吉澤氏 以前のiモード端末については、ドコモが開発主体になって、開発費用なども出してやってきた経緯がある。スマートフォンになってからは、ドコモが全てやるわけではなく、OSもAndroidあるいはiOSで、特にAndroid系については、それぞれのベンダーさんがいろいろなアイデアに基づいて機能やデザインを作っている。
ただ、ドコモとして自ら、スマートフォンはこういう使い方をしたら面白いという提案をすることは、他のキャリアさんにとっても意義があること。これから出すスマートフォンを同じようなやり方で、開発を全て最初からやるつもりは全くない。特別で先進的な、あるいは少しとがったものをグローバルで、ベンダーさん、あるいは他のオペレーターと協力しながら出していくことは、1つあると思う。
―― KDDIやソフトバンクが採用するという想定はしているか。
吉澤氏 否定する話ではないと思うが、今回のモデルは、(他キャリアが販売するものについては)われわれがロイヤリティーをいただいていくことになっている。折衝する必要があると思うが、そういうスキームが成り立てば、できないことではないと思う。
―― スマートフォンがなかなか売れなくなってきて、ポストスマートフォンとしてウェアラブル端末やスマートスピーカーのようなものを模索する動きがあるが、まだスマホは進化させていきたいという意味か。
吉澤氏 おっしゃる通り。スマホがなくなるということには、多分ならないと思う。形があのままかどうかは分からないが、大きさとしては、今のスマホは究極的に良いものになっていると思う。ただ、それをハブにしていろいろな周辺機器ができてくる。ウェアラブルも今回のApple Watchのように、モデムが追加されたことによって、通話もメールも直接できるようになった。そういう意味では、もっともっと進化していくと思う。
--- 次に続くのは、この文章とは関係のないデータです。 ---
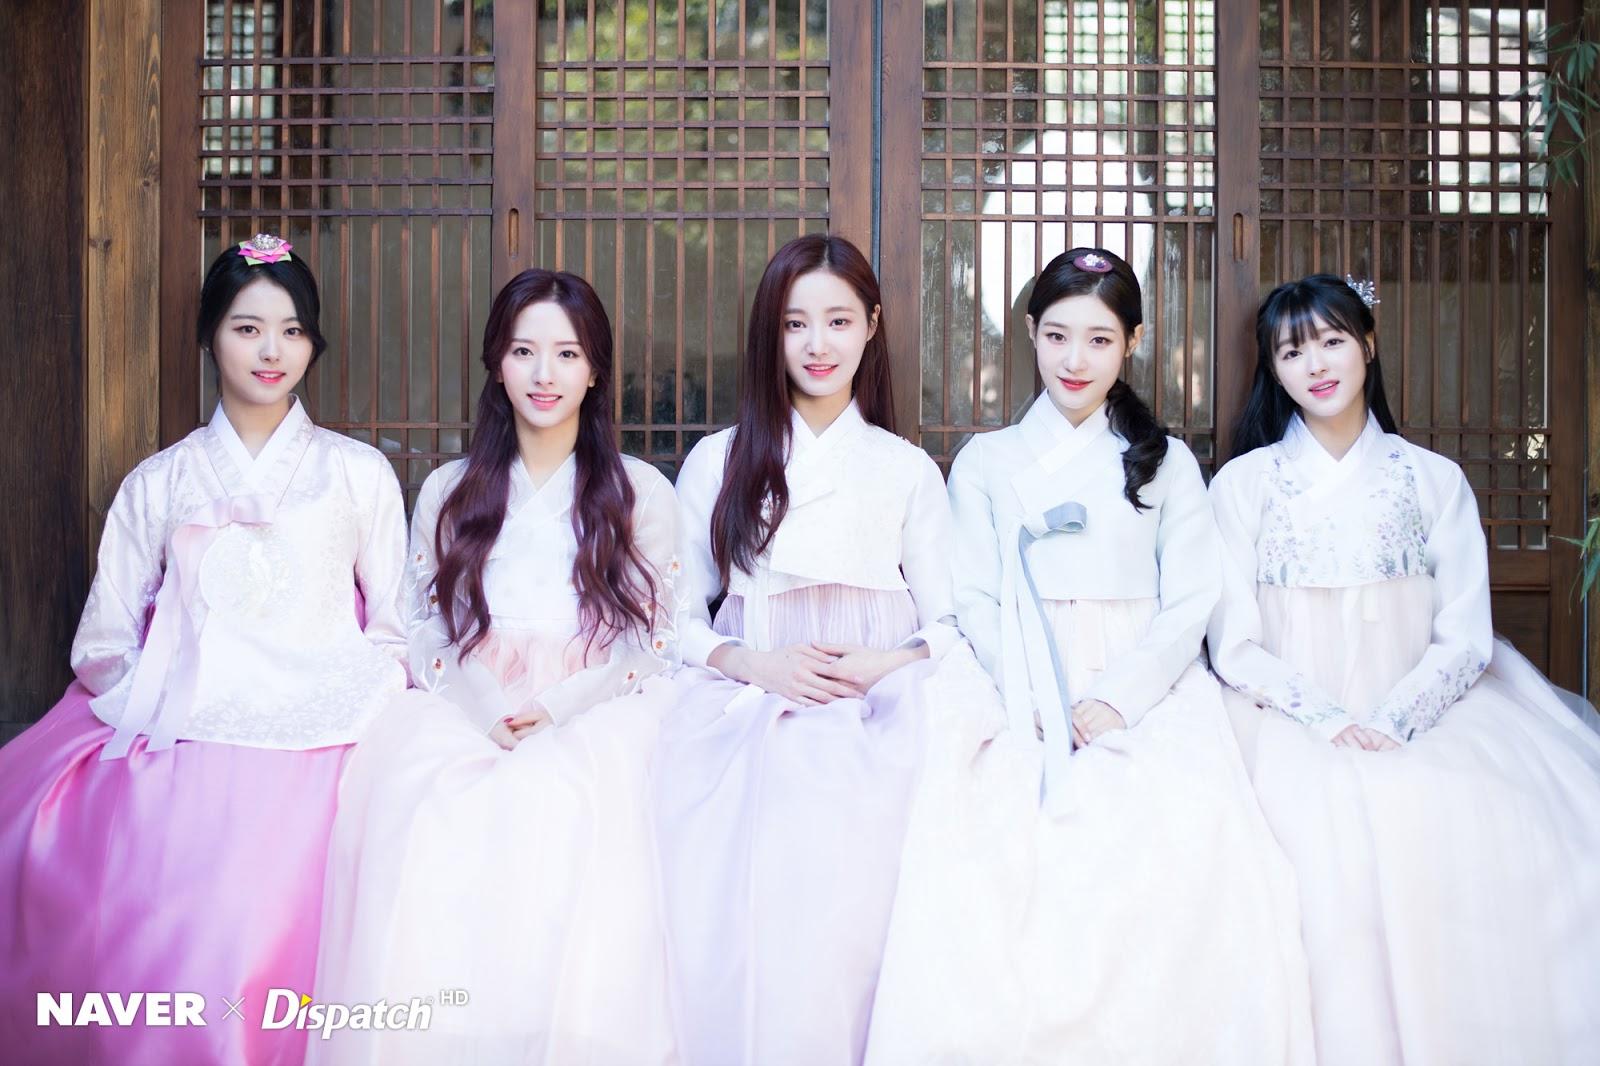 Ồn ào câu chuyện trang phục truyền thống của Hàn Quốc - 2

例えばヘルスケアサービスなどと連携すればもっと発展していく。グラス(メガネ)もそう。そういったものが、まだまだ余地としてあると思う。単独で行くのか、スマホがハブになるのか、そこはいろいろな選択肢があるという感じがする。
iPhone 8/8 Plusの感触は?
―― 今回の端末ラインアップにフィーチャーフォンが含まれていないが、この辺で意図しているところはあるのか。
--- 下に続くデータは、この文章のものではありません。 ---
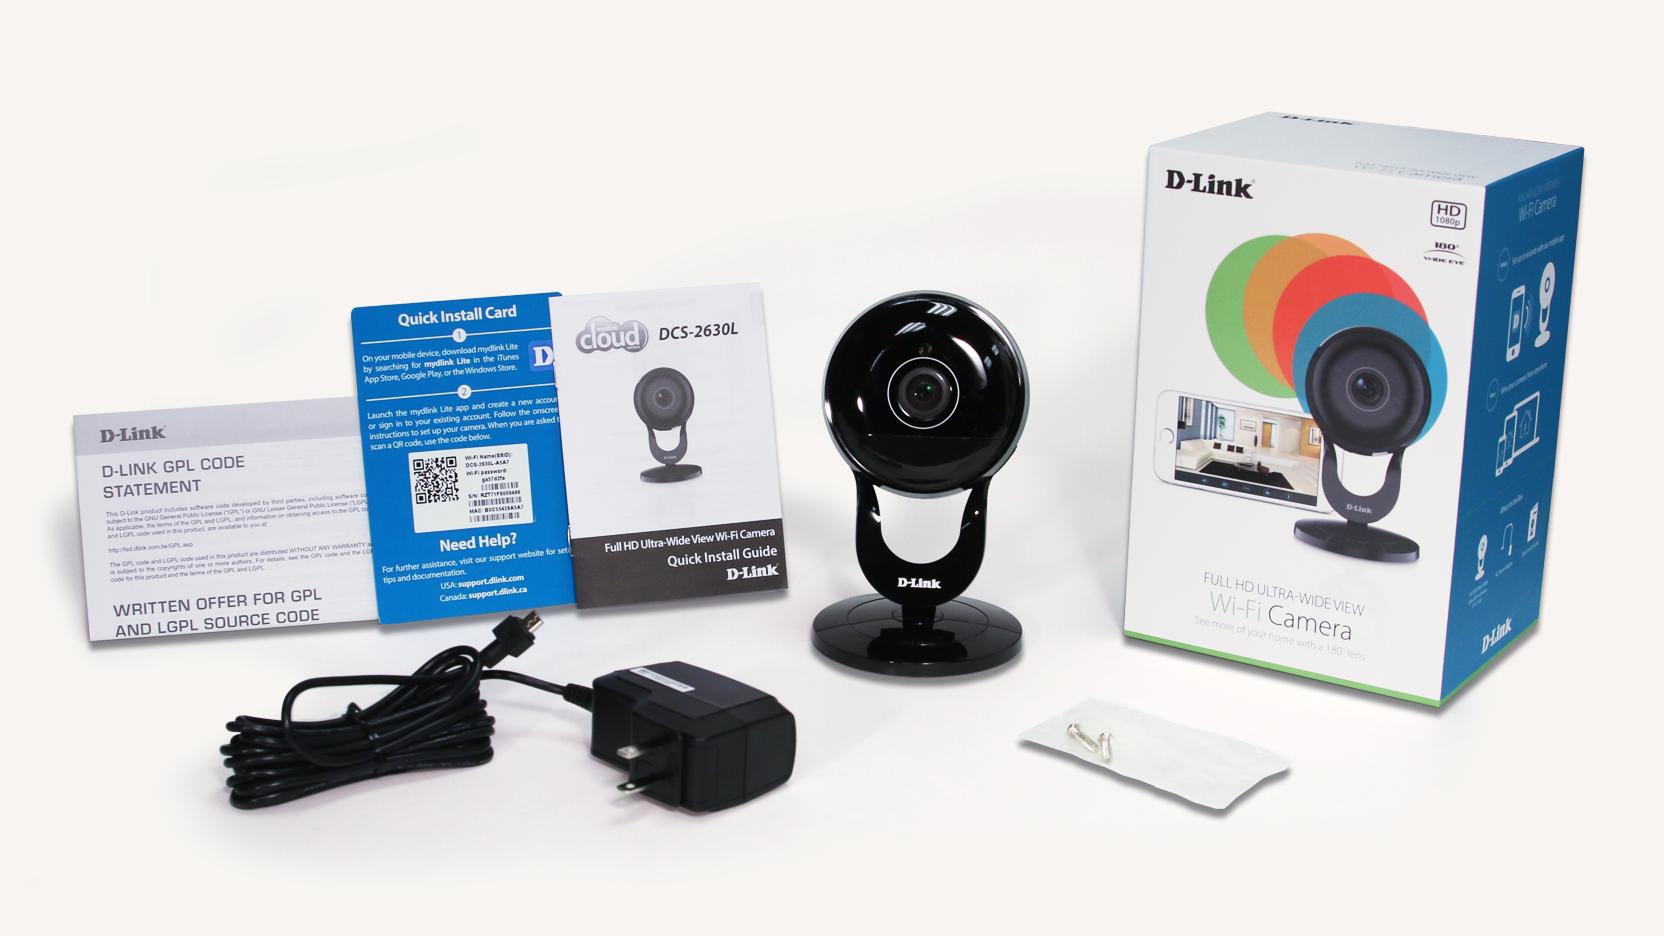 Full Hd 180 Degree Wi Fi Camera Dcs 2630l D Link Ip W 15 In The Box

吉澤氏 フィーチャーフォンは、今のP-smartケータイとシャープのAQUOSケータイの2シリーズで、まだ需要やいろいろな要望に対して賄いきれていると思っている。今回の秋冬モデルでは新たなフィーチャーフォンを出していないが、次にどうなるかは検討している。今回はない。
―― iPhone 8/8 Plusが出て1カ月近くたつが、売れ行き、手応えはどうか。また、iPhone Xの発売日がもうすぐだが、実際に調達できるのか。
吉澤氏 iPhone 8/8 Plusについては、「7」と同じ期間で比べると7割前後だと思う。そこまで数は出ていない。要因は、おっしゃるように「X」を待っている人がかなりいるんじゃないかと。とはいいながら、まだ日本にないので「X」は誰も触れない。「7」を超えるのか超えないのかは分からないが、触って比較して、「8」と「X」を足し算することによってかなり(数が)出るのではないかと思っている。
また、例えばiPhoneと同時に「Apple Watch Series 3」が出たが、これは契約している人も結構多いので、Apple Watchもドライブをかけていいと思っている。「X」の調達数は、申し訳ないが分からない。われわれも予約をとって、それなりに発注したいと思っているが、それに対してどれくらい来るのか、あるいは少し品薄になる場合にどのくらいで供給に満足していただけるのか、今の段階では読めない状況。
―― 今回、dポイントを強化しているが、これによってdカード GOLDのメリットが少し弱くなるのではないか。
吉澤氏 dカード GOLDは、(携帯電話料金に付く)10%のポイントはそのままだが、ちょっとそういうところがある。ただ、dカード GOLDを持っている方はカード使用が非常に多いので、プラチナのステージの方が多い。そういった中の特典で、かなり賄えると思っている。私も(dカード GOLDを)持っているが、どうにか我慢できる範囲かなと(笑)。